They were replaced at these papers by cheap, young labor who could carve out a social media presence, if not curate sources and write a decent article every so often. What you’re left with is a pack of 26 year-olds sitting on their couches playing Fortnite waiting for their notifications to ping when Ian Rapoport tweets something with the #Jets hashtag, which they could then follow up with “Can confirm that [Rapoport tweet].” And that is the sum total of their reporting repertoire. None of them break stories by themselves. None of them appear to have any sources inside the building. And none of them seem to particularly care about the intended focus of their career: informing the reader. Why does this matter? Because it creates a void that gets filled with Manish Mehta’s clickbait troll carnival. Don’t get me wrong—clickbait trolling has its place, has always existed, and can be illumating and fun, but the problem is that there’s no longer a counterpoint to this trolling because there’s no real journalism going on alongside. 
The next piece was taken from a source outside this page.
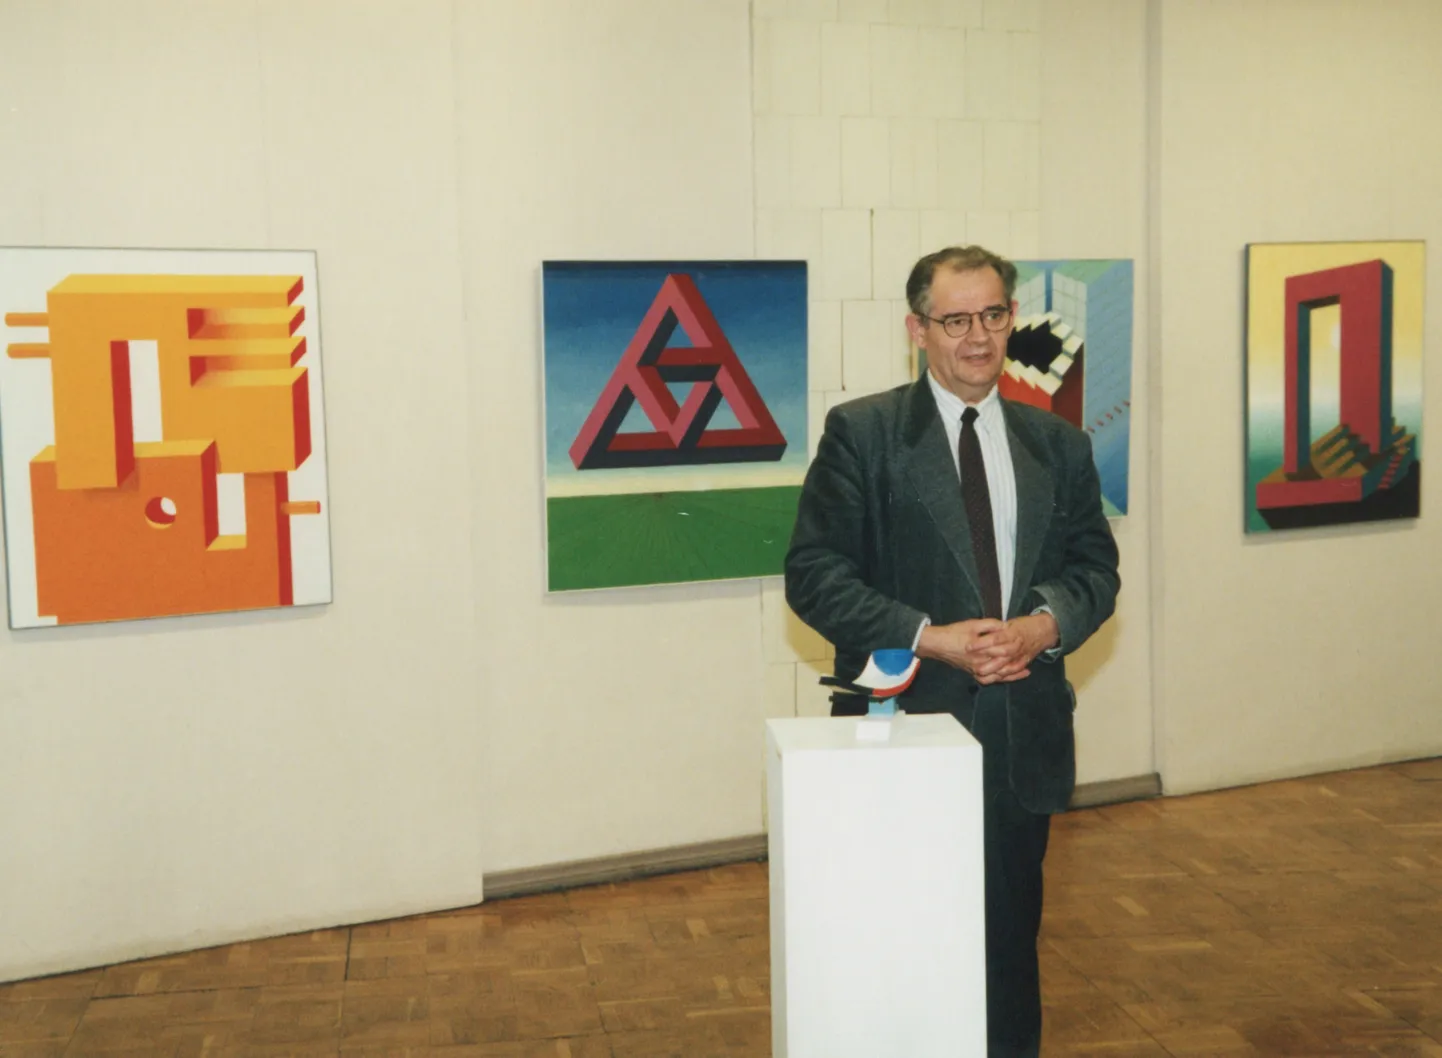 Kaljo Põllu oma näituse avamisel Tartu lastekunstikooli galeriis ehk Jakobi galeriis 1990. aastatel.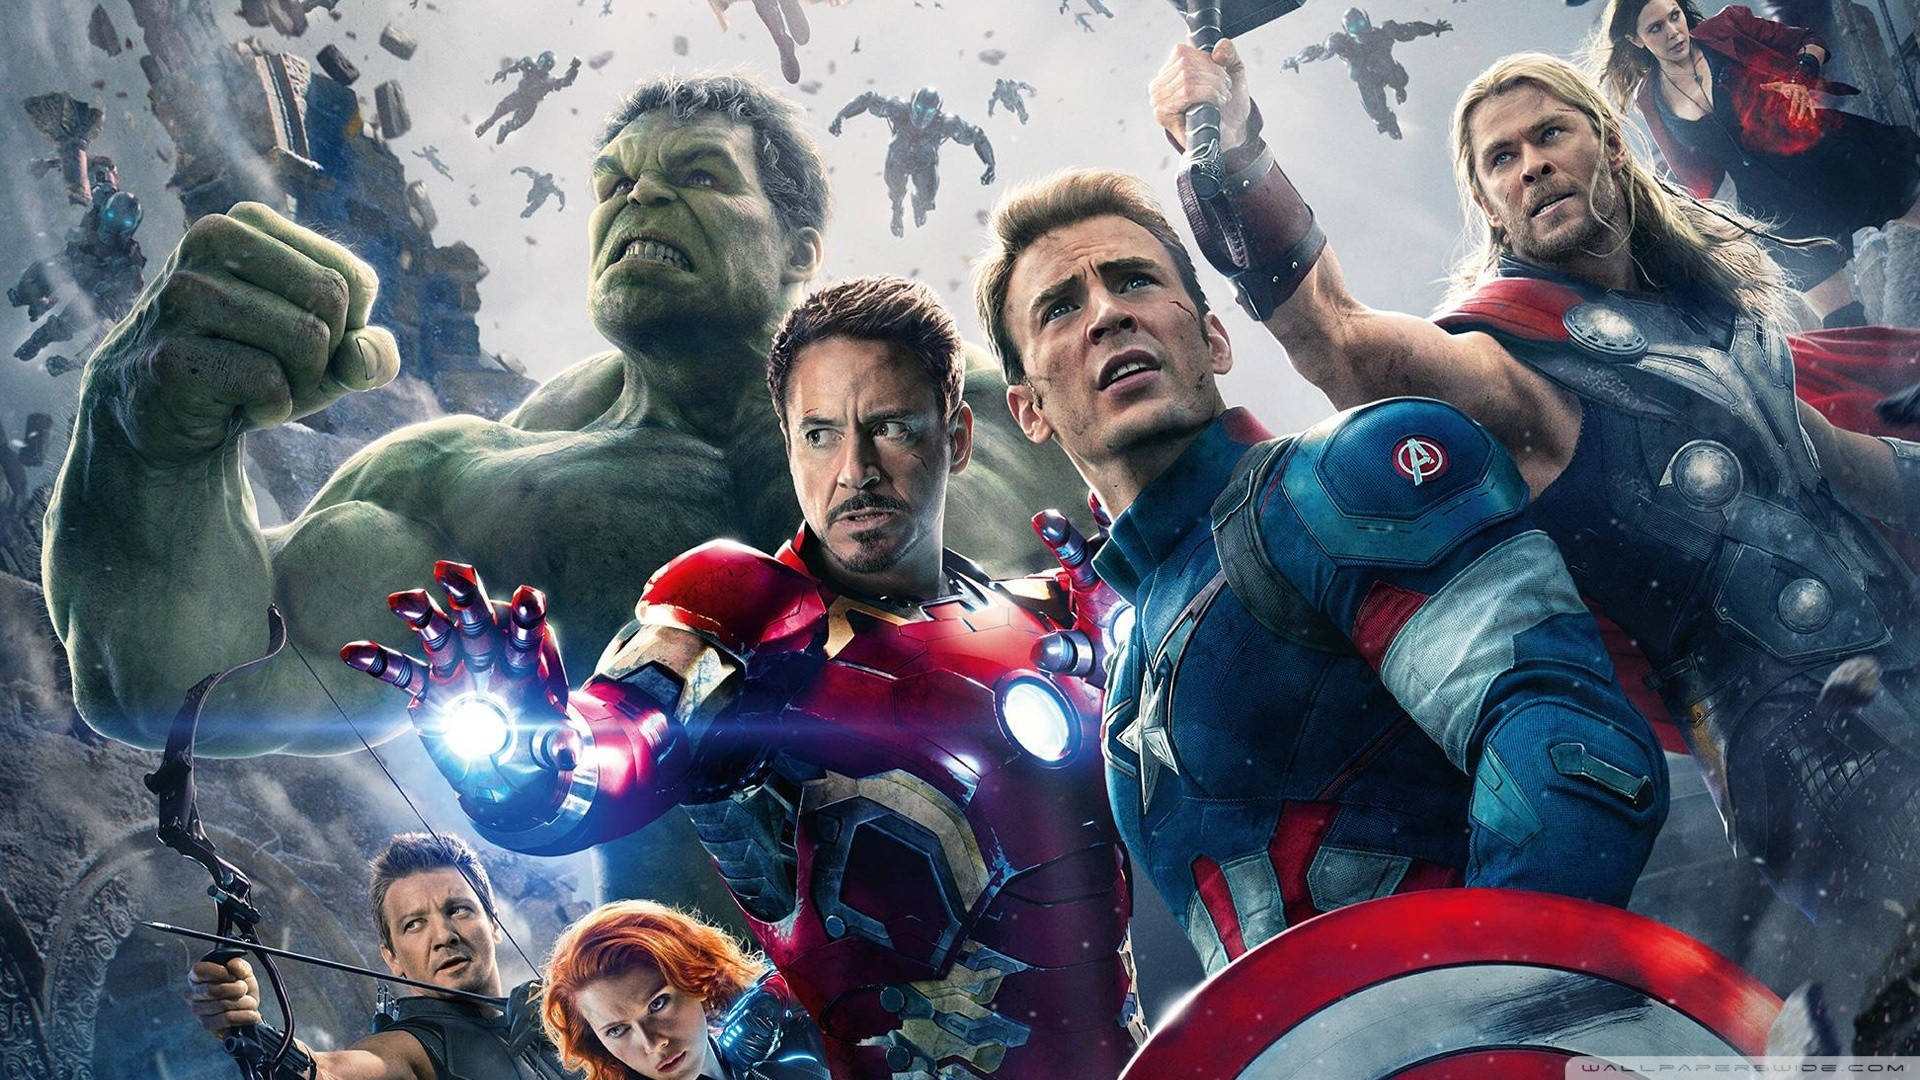 Avengerssamlades För Att Kämpa Mot Ondska. Wallpaper

Today is the start of free agency in the NFL. Has anyone come across an article, or a tweet, or a single piece of reporting from any of our best writers that would indicate that any of them have ever actually spoken to anyone actually employed by the Jets?

 

To whit: here is Costello’s latest. It’s got a good headline, “The Problem With the Jets Having The NFL’s Most Free Agency Money.” That’s a story I’d like to read, right? However, it’s  worthless and reads like a lame post on a message board that’d get two “likes” and mercifully get scrolled off the front page within an hour. This is not informative and it doesn’t attempt to answer the question presented in the title. It’s a 400-word blog post that looks like it was written while sitting on the toilet. There is no original reporting, it contains a banal quote from Maccagnan that was cut and pasted from a previous source, and the conclusion it asserts is “yeah, the Jets need players and should get some.” 

 

The question is, is Hughes going to be doing anything at The Athletic that’s any different, that serves the Jets fan better than the current hackery, and is worth paying for? Hughes seems like a good dude and he started out trying to do some interesting and ambitious things, but it seemed like he fell into the Costello/Slater/Kim Martin trap where their attempts at reporting got lazy and consisted of an extended complaint about how long and lame training camp was and how lame the Jets beat is, as if they were eternally damned to cover the opening of a Chipotle in Forest Hills. 

 

 

 

Quote

The Jets finally are No. 1 … in salary-cap space.

With the moves the Browns made Friday, acquiring Jarvis Landry and Tyrod Taylor, the Jets moved past Cleveland to the top of the heap in salary-cap space. They have $89.9 million in space, according to overthecap.com, as free agency begins Monday with teams being permitted to talk to agents. Players cannot officially sign deals until Wednesday at 4 p.m.

The Jets have the money to spend. The question now is whether they can find enough players worth spending it on. That is the problem with NFL free agency — the players who usually become free agents do so for a reason. They have a flaw that makes them expendable to their current team, whether that be age, salary demand or production. It is what scares some teams off from spending big in free agency.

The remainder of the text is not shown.